Github repositoryhttps://github.com/X-PLUG/MobileAgent

Application scenarios of Mobile-Agent-v3.5

Intelligent device automationAutomatically operate your phone to complete tasks such as using apps, querying information, and adjusting settings, such as automatically ordering takeout, checking the weather, and managing your schedule.
Cross-platform office assistanceIt can automatically perform repetitive office tasks such as document processing, email sending, meeting scheduling, and data entry on Windows, macOS, and Ubuntu desktops.
Web page automated testingIt supports automated operations on the browser side and is suitable for scenarios such as web application testing, form filling, data collection, and e-commerce price comparison.

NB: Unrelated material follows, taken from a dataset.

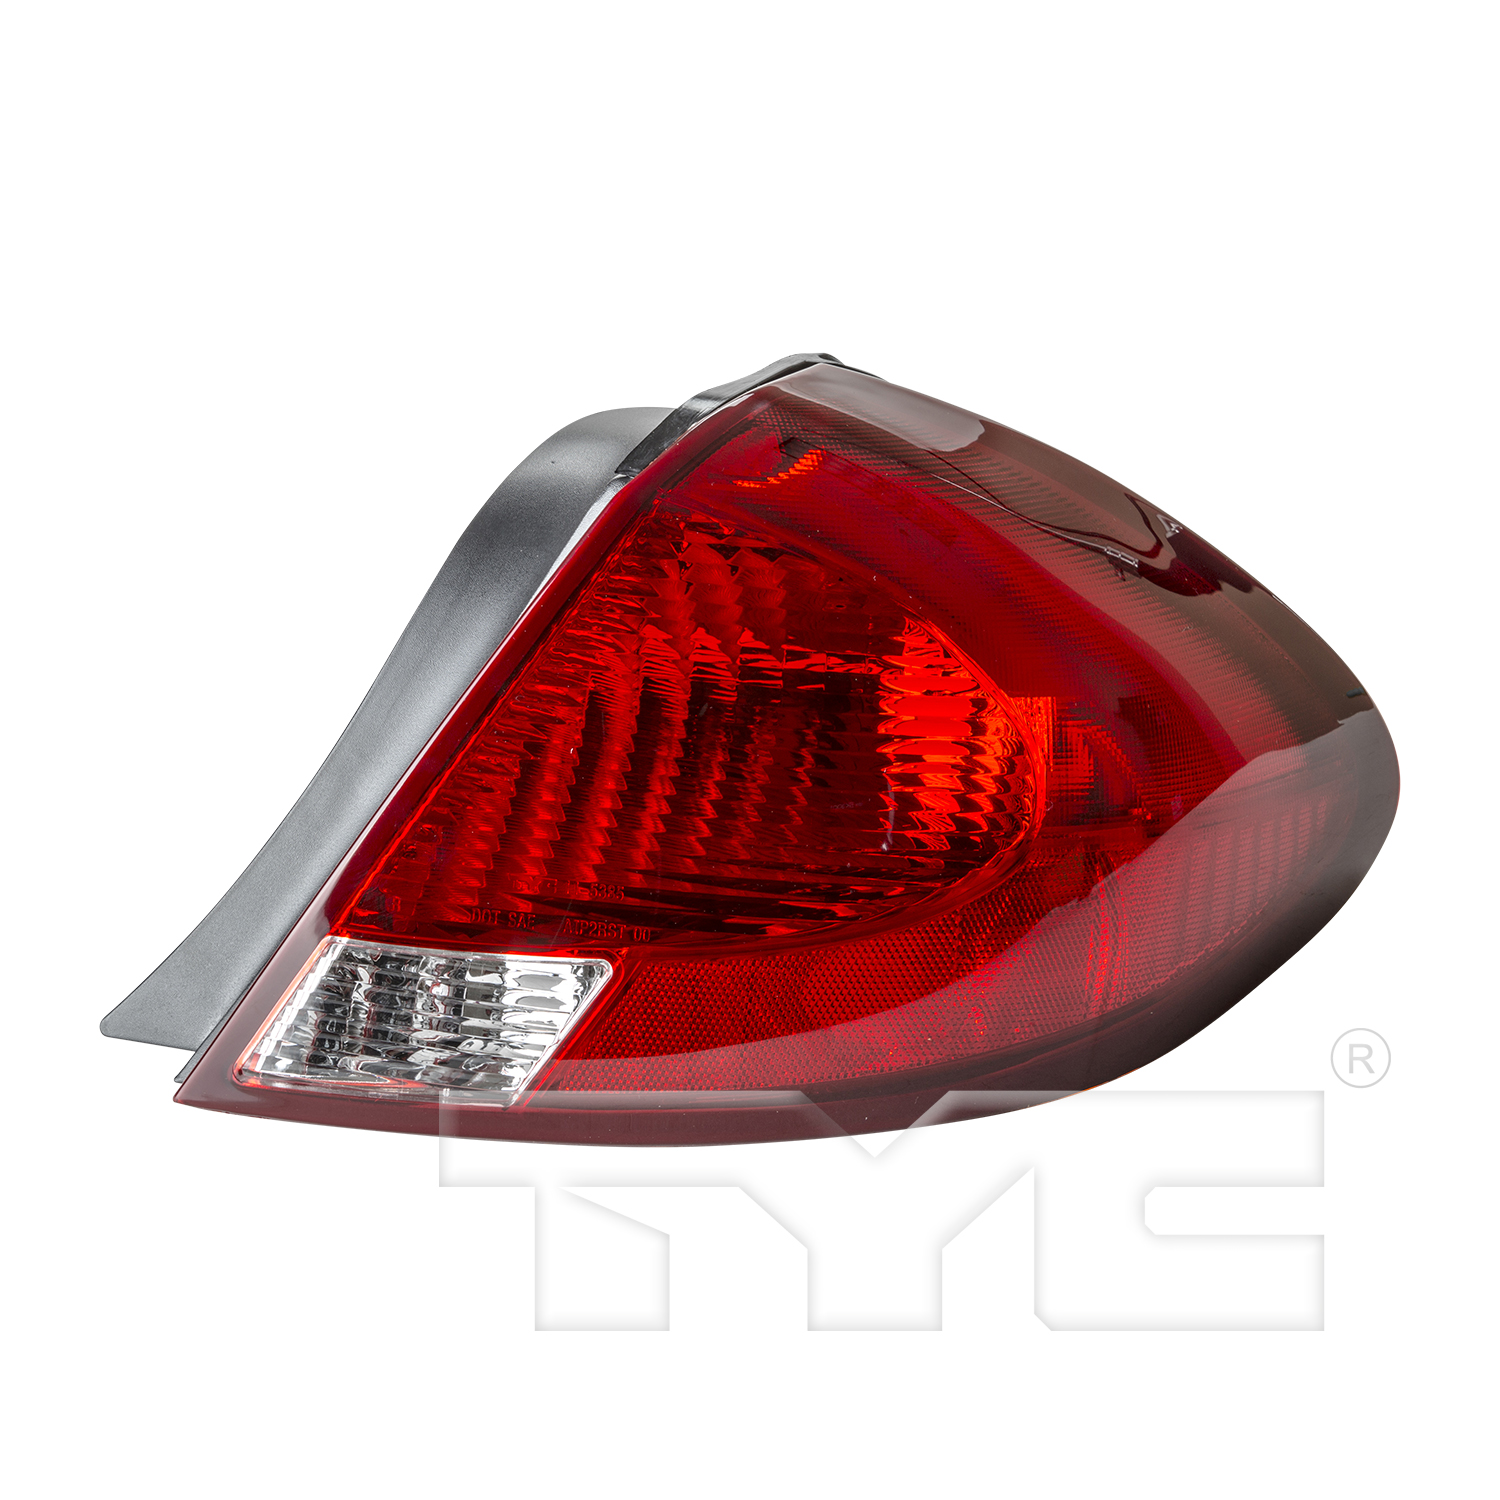 Aftermarket TAILLIGHTS for FORD - TAURUS, TAURUS,00-02,RT Taillamp assy

Deployment of edge AI assistantLeveraging the lightweight 2B/4B model, it enables low-latency local GUI automation assistants on mobile phones, IoT devices, and other edge devices.
Enterprise Process AutomationIn line with RPA requirements, it automates the interface operations of enterprise systems such as ERP and CRM, thereby improving business process efficiency.
Accessibility toolsIt helps visually impaired or operationally limited users to automatically complete complex interface interactions, lowering the barrier to entry for using digital devices.